Running labscript in a distributed web server architecture

167 views
Skip to first unread message

Rohit Prasad Bhatt

unread,
Nov 18, 2018, 6:52:58 AM11/18/18
to The labscript suite
Hi all,
We are soon getting started with labscript. We plan to run it as a web server. What I mean is the following :

1. Labscript will be running on a dedicated computer (which we call experiment server) for experimental control. This computer will be hosted on a network. All executions will be done by communicating remotely with this computer.

2. There can be multiple users simultaneously communicating with the experiment server. There has to be a way to queue all execution requests properly.

3. The results of all requests submitted by various users should be divided into groups according to the users who submitted them and then sent to a analysis/storage/user-specified directory. For e.g. if A and B are two users simultaneously communicating with the experiment server, then at the end, results of the experiment shots submitted by A should be grouped separately from those of B.


One way which I could think to implement this was the following :

1. Install BLACS on the experiment server. Ask all users to install runmanager on their computers.

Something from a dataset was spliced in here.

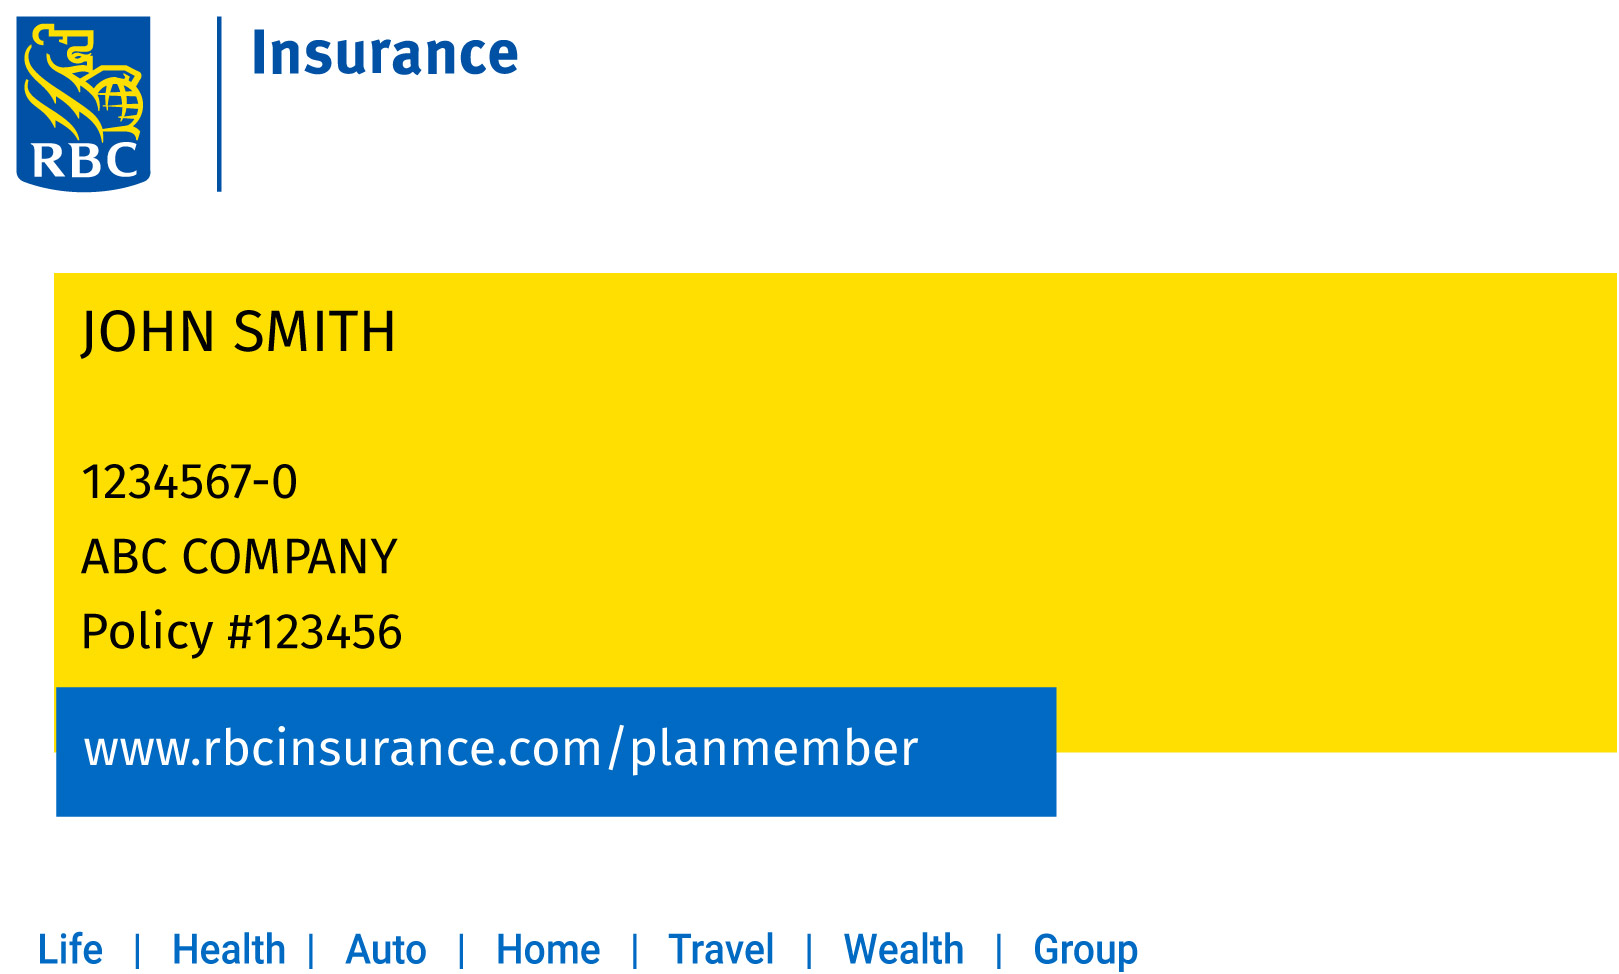 rbc travel insurance contact number

2. Now all runmanagers should be used to communicate with the BLACS on the experiment server. An issue which I can think of is the simultaneous access by various runmanagers on different computers with the BLACS on the experiment server.

Athough BLACS documentation mentions that it queues the various HDF files received from the runmanager (for e.g. when performing shots with Cartesian product of various parameters), would this still hold in this case with several runmanagers and one BLACS?

Also can BLACS keep on queuing requests while also executing them, i.e. it is executing a shot and also simultaneously adding requests received from five different users to the execution queue list.

3. The outputs of various users should be clubbed properly and sent to the user-specified directory. The user can specify a path on his/her personal computer or on a shared space. In case of choosing shared space, he/she has to be careful to avoid confusion with outputs of other users. A possible way can be to give a clear output directory name for his/her shots e.g. "18_Nov_2018_Rohit". But maybe there are other better ways.

4. Once everyone has his/her own experiment shot outputs they would like to analyse them. They can use lyse either on their own PC or use an analysis server like the experiment server above where different users submit their analysis request in a similar queued fashion.


If I was not clear in any of the points above I am happy to answer questions. I seek your suggestions on how to implement such an architecture with labscript.

Philip Starkey

unread,
Nov 19, 2018, 1:21:33 AM11/19/18
to The labscript suite
Hi Rohit,

Yes, for the most part, your suggested implementation is the way to go. BLACS is designed to handle your suggested workload. It can continue accepting new shots from runmanager while executing an experiment. It can also handle accepting requests simultaneously from multiple instances of runmanager (although it does serialise these, so in theory simultaneous submission from too many instances of runmanager may result in some runmanager requests timing out. I doubt it will be a problem though, and could be easily fixed by double-buffering the paths on the BLACS side if you ever find it is a problem). Shots will be queued and executed by BLACS in the order it receives them, so they may be interleaved if multiple people are producing shots at the same time.

In such a situation, shots must be stored on a network share accessible to all PCs. This is typically the default behaviour though. You just need to have the network share mounted on each PC, and specify the local path to the mount in the experiment_shot_storage parameter in the labconfig file of each PC. The labscript suite will convert shot file paths to an agnostic variant for communication between PCs, and then convert the agnostic path to the correct local path before accessing the files from other PCs. So it all runs transparently, and this is well tested (we've been doing it for over 5 years with no issues).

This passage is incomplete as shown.